The rate of DNA aging depends on the genes

We are talking about so—called repeating DNA sequences – short fragments that are repeatedly copied into the genome. With age, such repetitions tend to lengthen and become unstable. It is known that this process underlies more than 60 hereditary diseases, including Huntington’s disease, myotonic dystrophy and some forms of ALS.

Although most people accumulate similar repeat extensions throughout their lives, it has not been clear until now how widespread this process is and which genes control it.

The scientists analyzed genome-wide data from almost 500,000 UK Biobank participants and more than 400,000 people from the All of Us program in the United States. To do this, the team has developed new computational methods that accurately measure the length of DNA repeats and their instability based on standard sequencing data.

In total, the researchers studied more than 350,000 sections of the genome and tracked how the length of repeats changes with age in blood cells. It turned out that the speed of this process varies greatly between people and can vary up to four times depending on the genetic profile.

The authors identified 29 regions of the genome where hereditary variants significantly affect the rate of repeat expansion. Interestingly, the same genes involved in DNA repair could stabilize some repeats and simultaneously accelerate the instability of others. This indicates the complex and context-dependent operation of DNA repair mechanisms.

One of the most significant discoveries was the discovery of a previously unknown disease associated with the expansion of repeats in the GLS gene. Although such changes are rare, their carriers had a 14—fold higher risk of severe kidney disease and a three-fold higher risk of liver disease.

The results of the study show that measuring DNA repeats in the blood may become a promising biomarker for evaluating the effectiveness of future therapies aimed at slowing down genetic aging and the progression of hereditary diseases.

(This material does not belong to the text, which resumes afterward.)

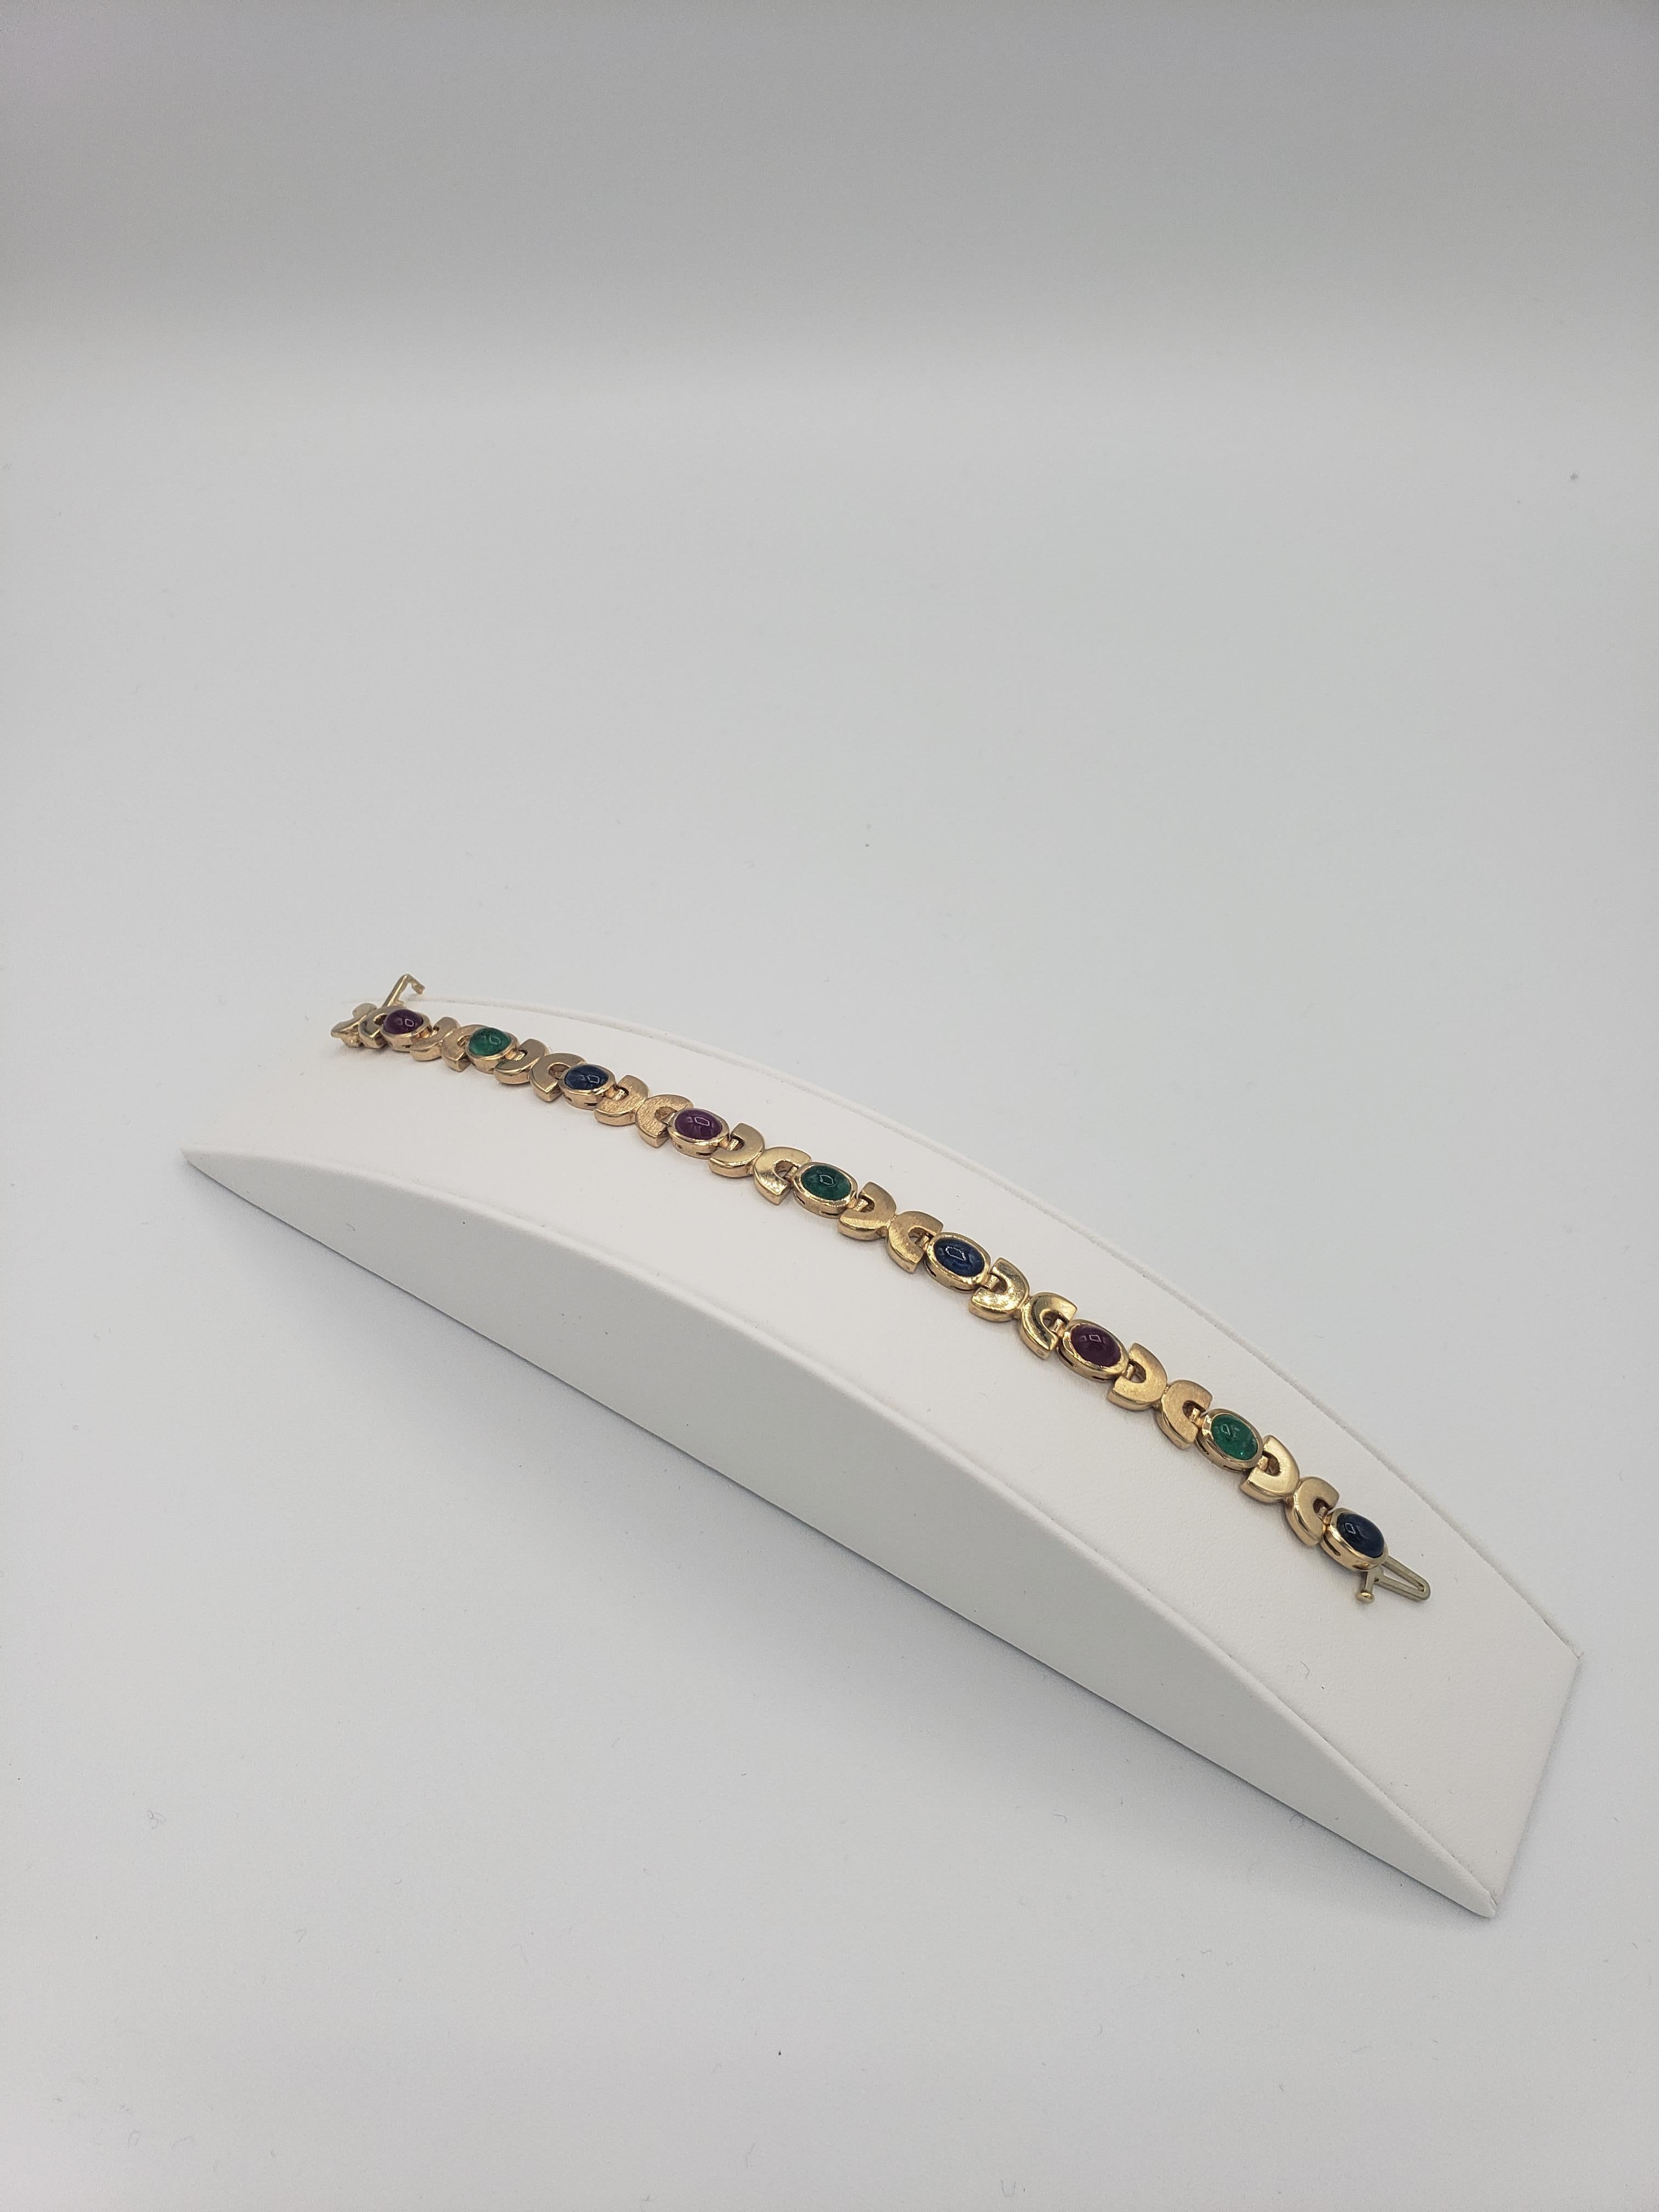 NEW Natural Ruby, Sapphire, Emerald Cabochon Bracelet in 14k Yellow Gold New For Sale 6

According to the lead author of the study, Margot Huell, most people carry elements in their genome that become unstable over time. However, strong genetic control of this process opens up opportunities for targeted intervention — if we understand which molecular pathways slow down the expansion of repeats, they can be used in therapy.

Thus, the study not only deepens the understanding of how our DNA ages, but also points to potential strategies for slowing down age-related and hereditary diseases associated with genetic instability.